Осирису не сиять, не сиять, не сиять.
А у Сета отсосать, отсосать, отсосать.
И на волю отпускать, отпускать, отпускать.
На последнем «отпускать» в желтом свете факелов, перемешанном с серебром лунного, сверкнул нож мастера-экзекутора. Одним точным движением он рассек надвое шею козла и, взявшись за рог, откинул назад голову животного. Два потока крови хлынули из разреза. Из артерий вверх, прямо в небо взлетела струя алой крови, а из глубин синих вен сильными, но медленными толчками вниз к земле стала вытекать темная и густая. По телу козла пробежали конвульсии, заставив удерживающих его братьев еще сильнее напрячь мышцы.
Выждав несколько секунд, пока стихнет главный фонтан, мастер-экзорцист взял из рук помощника чашу, судя по блеску, золотую, и подставил ее под голову козла. Струя черной крови с мягким бархатистым звуком стала медленно наполнять сосуд. Нет, слишком медленно, толчки становились все слабее и слабее, а в кубке крови всего на треть, и поэтому мастер-экзекутор дал знак ассистентам, чтобы те наклонили обмякшее тело головой вниз. Кровь побежала быстрее, и чаша в короткое время наполнилась до краев.

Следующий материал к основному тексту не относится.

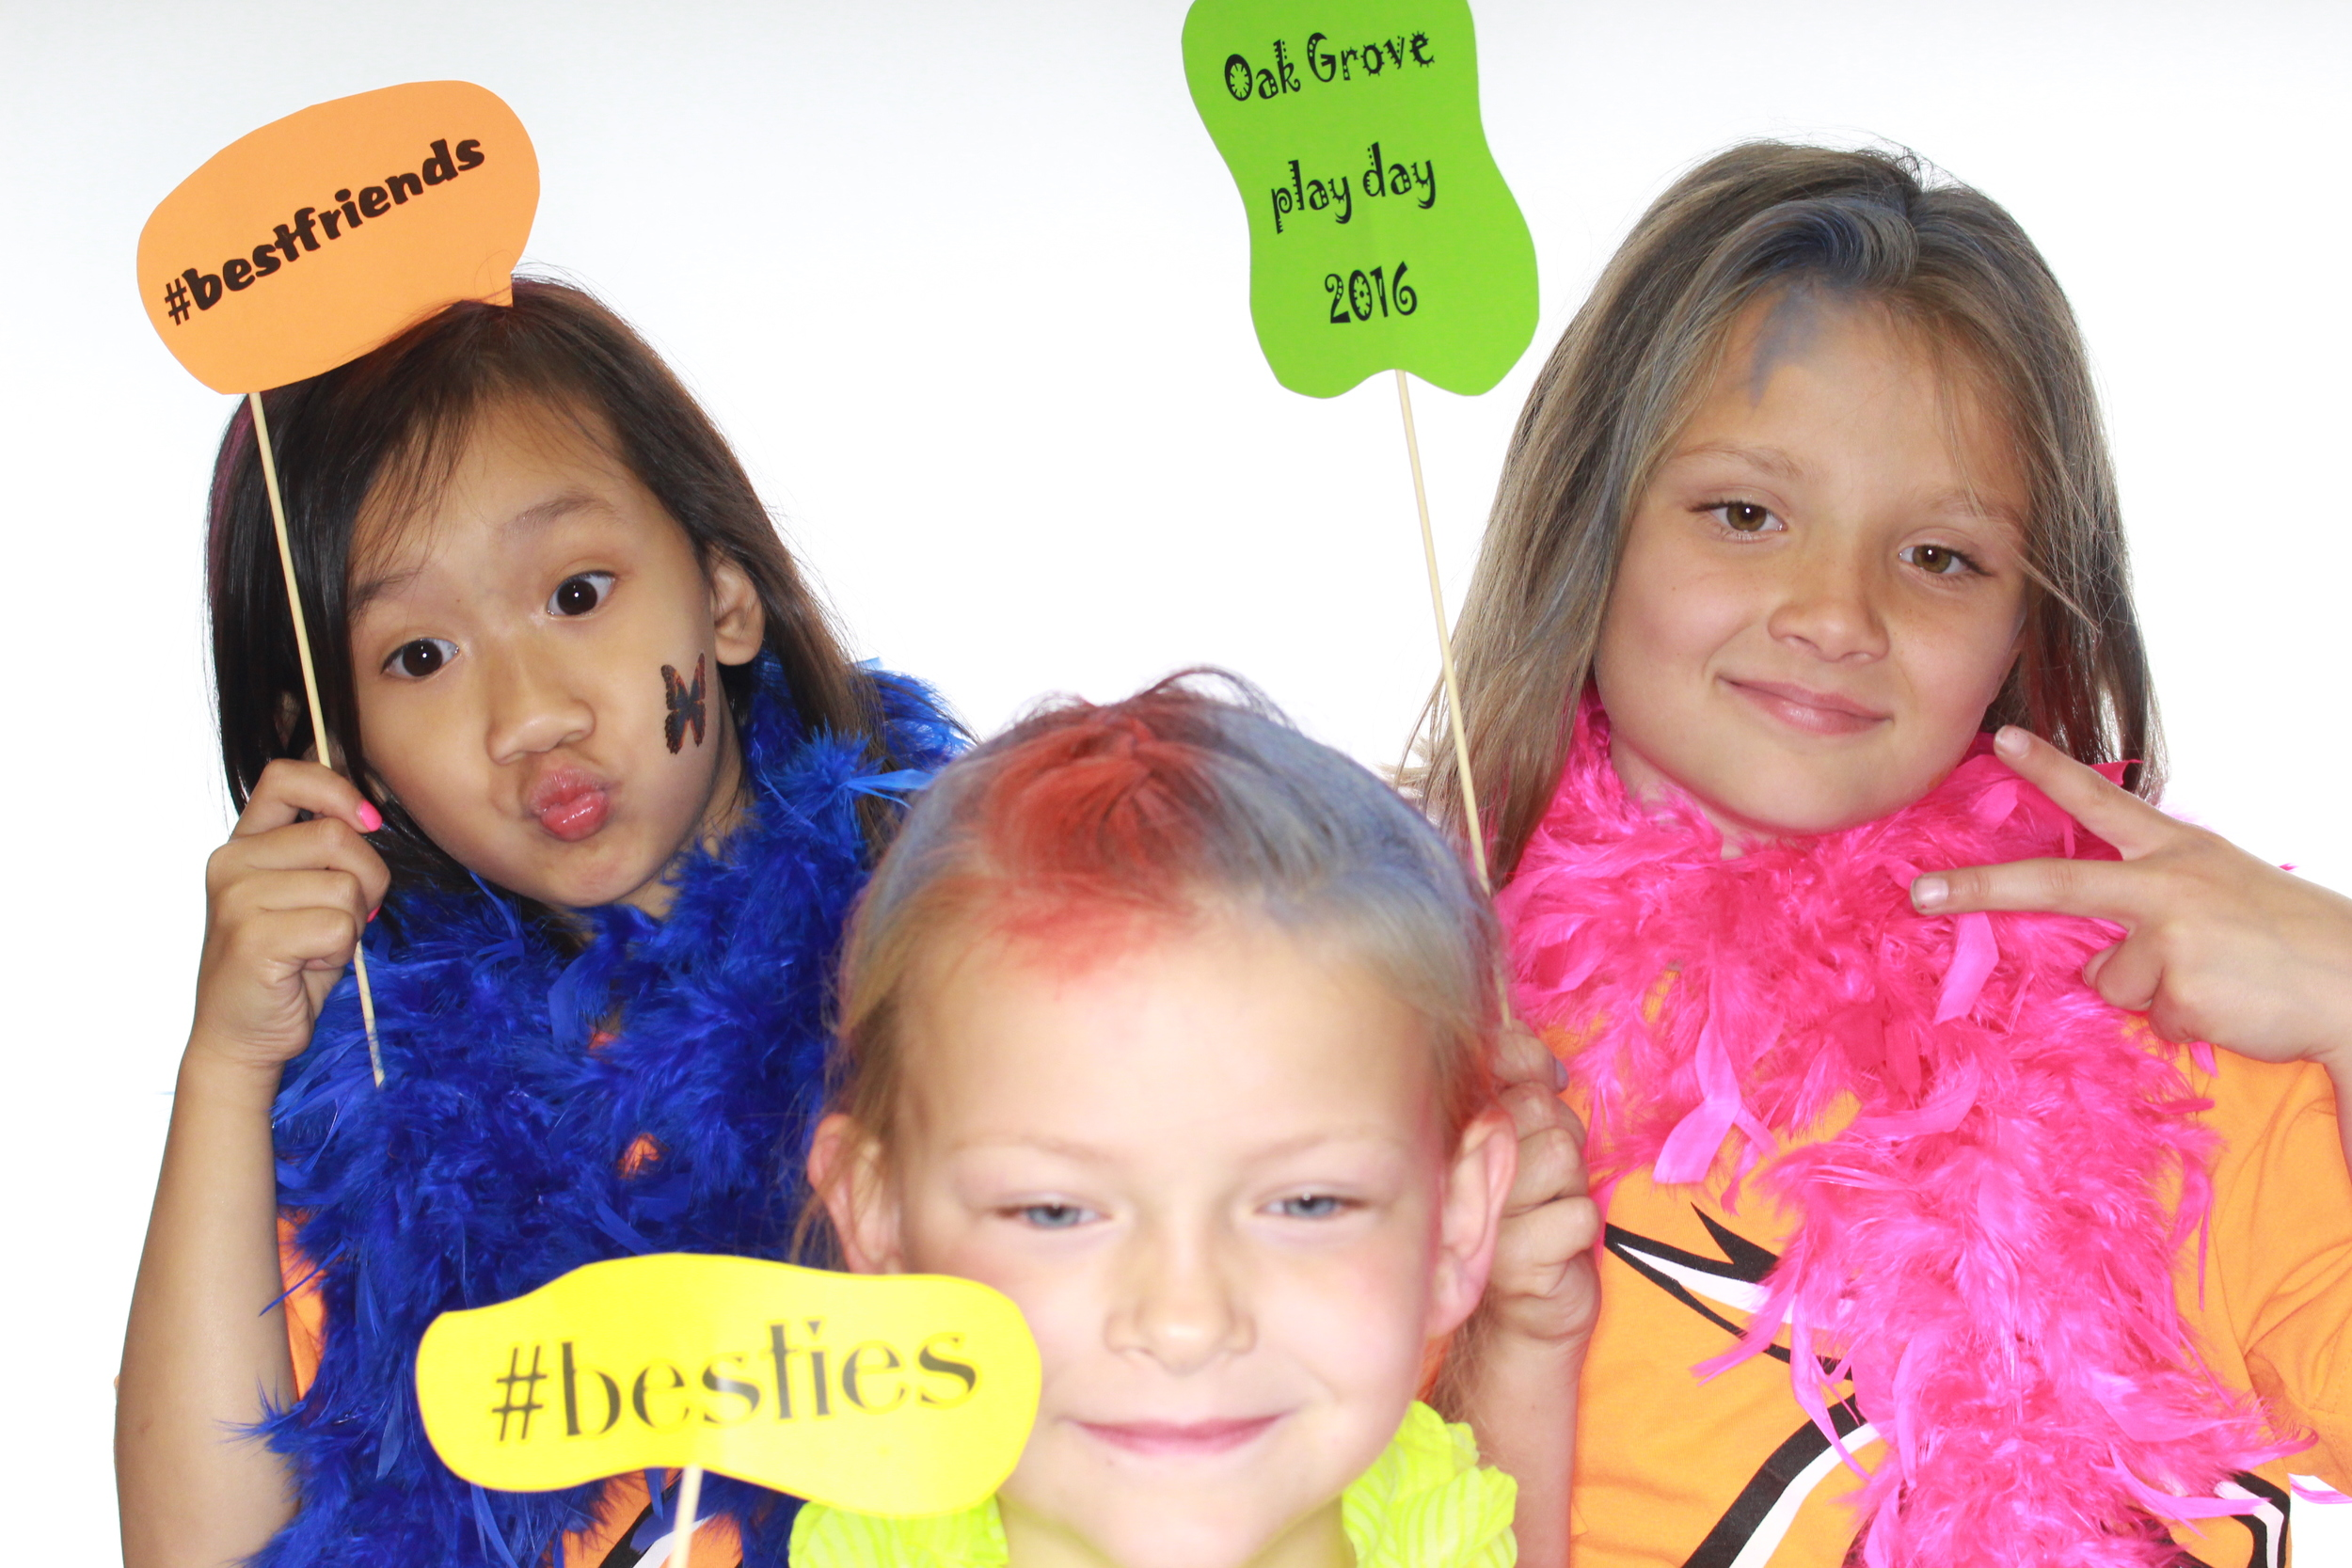 Oak Grove Elementary Play Day - 1st Grade
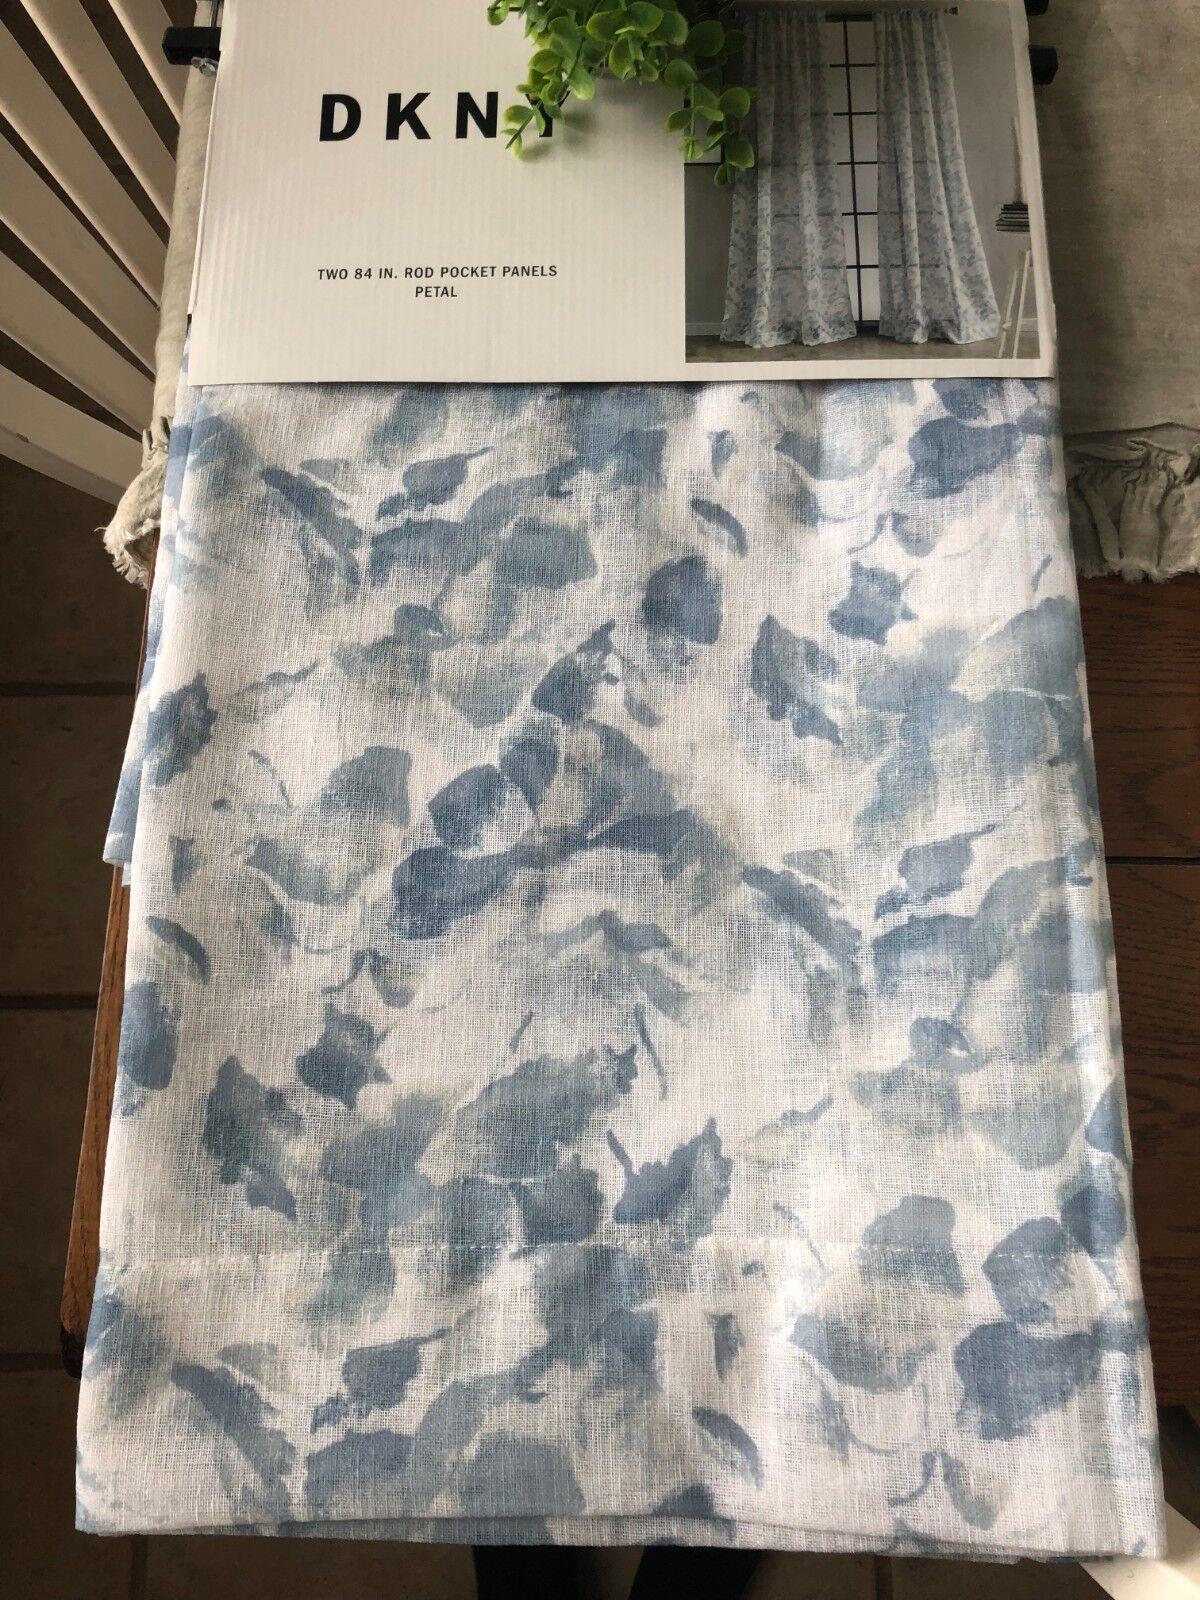 NEW DKNY  PETAL FLORAL   Window Curtains 2 50  x 84   PANELS BlauS

Тело козла братья-ассистенты откинули на спину и оттащили от круга на несколько метров. Там над ним с кривым ножом склонился мастер-экзекутор, а мастер-экзорцист тем временем взял наполненную до краев чашу и, развернувшись в сторону реки, поднял ее вверх, словно бы предъявляя жертву крови Воинственной Деве, что неотрывно следила за процессом с Мамаева холма. Затем он, нашептывая губами какое-то заклинание, пролил из чаши несколько капель на песок и двинулся с ней по кругу, останавливаясь у каждого из пяти факелов, окруживших Гусвинского. Вернувшись на место, он поставил чашу и, приняв из рук помощников жезл, щелкнул чем-то в набалдашнике. Выждав несколько секунду, он коснулся жезлом кровавой линзы в полной чаше.